Please restate the data word for word, in full.

[INFORMATION — start]

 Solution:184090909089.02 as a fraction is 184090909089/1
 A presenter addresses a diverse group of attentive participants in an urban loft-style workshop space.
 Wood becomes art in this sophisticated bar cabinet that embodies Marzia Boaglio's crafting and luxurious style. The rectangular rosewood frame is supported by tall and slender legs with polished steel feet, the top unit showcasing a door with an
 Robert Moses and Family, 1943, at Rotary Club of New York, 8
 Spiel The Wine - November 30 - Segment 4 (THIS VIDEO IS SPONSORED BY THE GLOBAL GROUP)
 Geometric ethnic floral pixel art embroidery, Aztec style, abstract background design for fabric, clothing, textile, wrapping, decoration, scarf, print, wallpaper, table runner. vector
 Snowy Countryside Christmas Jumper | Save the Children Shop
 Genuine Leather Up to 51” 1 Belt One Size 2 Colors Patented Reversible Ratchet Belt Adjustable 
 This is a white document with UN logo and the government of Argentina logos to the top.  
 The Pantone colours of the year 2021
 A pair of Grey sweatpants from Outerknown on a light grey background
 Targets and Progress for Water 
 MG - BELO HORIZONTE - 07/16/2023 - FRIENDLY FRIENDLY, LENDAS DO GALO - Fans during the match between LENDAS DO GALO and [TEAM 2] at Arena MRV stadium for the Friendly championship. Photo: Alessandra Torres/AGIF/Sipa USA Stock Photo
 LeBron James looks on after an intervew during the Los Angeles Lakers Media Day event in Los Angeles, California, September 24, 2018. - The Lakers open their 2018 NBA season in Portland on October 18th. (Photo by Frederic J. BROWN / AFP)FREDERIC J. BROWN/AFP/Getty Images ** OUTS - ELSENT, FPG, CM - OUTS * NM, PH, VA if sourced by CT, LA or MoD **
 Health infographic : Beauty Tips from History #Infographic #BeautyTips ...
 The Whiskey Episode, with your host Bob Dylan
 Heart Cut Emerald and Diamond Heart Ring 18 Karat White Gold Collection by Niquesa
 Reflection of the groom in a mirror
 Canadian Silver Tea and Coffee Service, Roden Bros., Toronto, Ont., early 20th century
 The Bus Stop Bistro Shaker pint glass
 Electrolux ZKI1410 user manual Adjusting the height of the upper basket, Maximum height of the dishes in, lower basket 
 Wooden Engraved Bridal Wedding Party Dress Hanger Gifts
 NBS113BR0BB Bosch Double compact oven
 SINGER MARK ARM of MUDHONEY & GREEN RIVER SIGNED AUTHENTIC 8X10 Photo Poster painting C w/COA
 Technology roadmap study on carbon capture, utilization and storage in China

[INFORMATION — finish]

### REPLY TO THE TASK
 Solution:184090909089.02 as a fraction is 184090909089/1
 A presenter addresses a diverse group of attentive participants in an urban loft-style workshop space.
 Wood becomes art in this sophisticated bar cabinet that embodies Marzia Boaglio's crafting and luxurious style. The rectangular rosewood frame is supported by tall and slender legs with polished steel feet, the top unit showcasing a door with an
 Robert Moses and Family, 1943, at Rotary Club of New York, 8
 Spiel The Wine - November 30 - Segment 4 (THIS VIDEO IS SPONSORED BY THE GLOBAL GROUP)
 Geometric ethnic floral pixel art embroidery, Aztec style, abstract background design for fabric, clothing, textile, wrapping, decoration, scarf, print, wallpaper, table runner. vector
 Snowy Countryside Christmas Jumper | Save the Children Shop
 Genuine Leather Up to 51” 1 Belt One Size 2 Colors Patented Reversible Ratchet Belt Adjustable 
 This is a white document with UN logo and the government of Argentina logos to the top.  
 The Pantone colours of the year 2021
 A pair of Grey sweatpants from Outerknown on a light grey background
 Targets and Progress for Water 
 MG - BELO HORIZONTE - 07/16/2023 - FRIENDLY FRIENDLY, LENDAS DO GALO - Fans during the match between LENDAS DO GALO and [TEAM 2] at Arena MRV stadium for the Friendly championship. Photo: Alessandra Torres/AGIF/Sipa USA Stock Photo
 LeBron James looks on after an intervew during the Los Angeles Lakers Media Day event in Los Angeles, California, September 24, 2018. - The Lakers open their 2018 NBA season in Portland on October 18th. (Photo by Frederic J. BROWN / AFP)FREDERIC J. BROWN/AFP/Getty Images ** OUTS - ELSENT, FPG, CM - OUTS * NM, PH, VA if sourced by CT, LA or MoD **
 Health infographic : Beauty Tips from History #Infographic #BeautyTips ...
 The Whiskey Episode, with your host Bob Dylan
 Heart Cut Emerald and Diamond Heart Ring 18 Karat White Gold Collection by Niquesa
 Reflection of the groom in a mirror
 Canadian Silver Tea and Coffee Service, Roden Bros., Toronto, Ont., early 20th century
 The Bus Stop Bistro Shaker pint glass
 Electrolux ZKI1410 user manual Adjusting the height of the upper basket, Maximum height of the dishes in, lower basket 
 Wooden Engraved Bridal Wedding Party Dress Hanger Gifts
 NBS113BR0BB Bosch Double compact oven
 SINGER MARK ARM of MUDHONEY & GREEN RIVER SIGNED AUTHENTIC 8X10 Photo Poster painting C w/COA
 Technology roadmap study on carbon capture, utilization and storage in China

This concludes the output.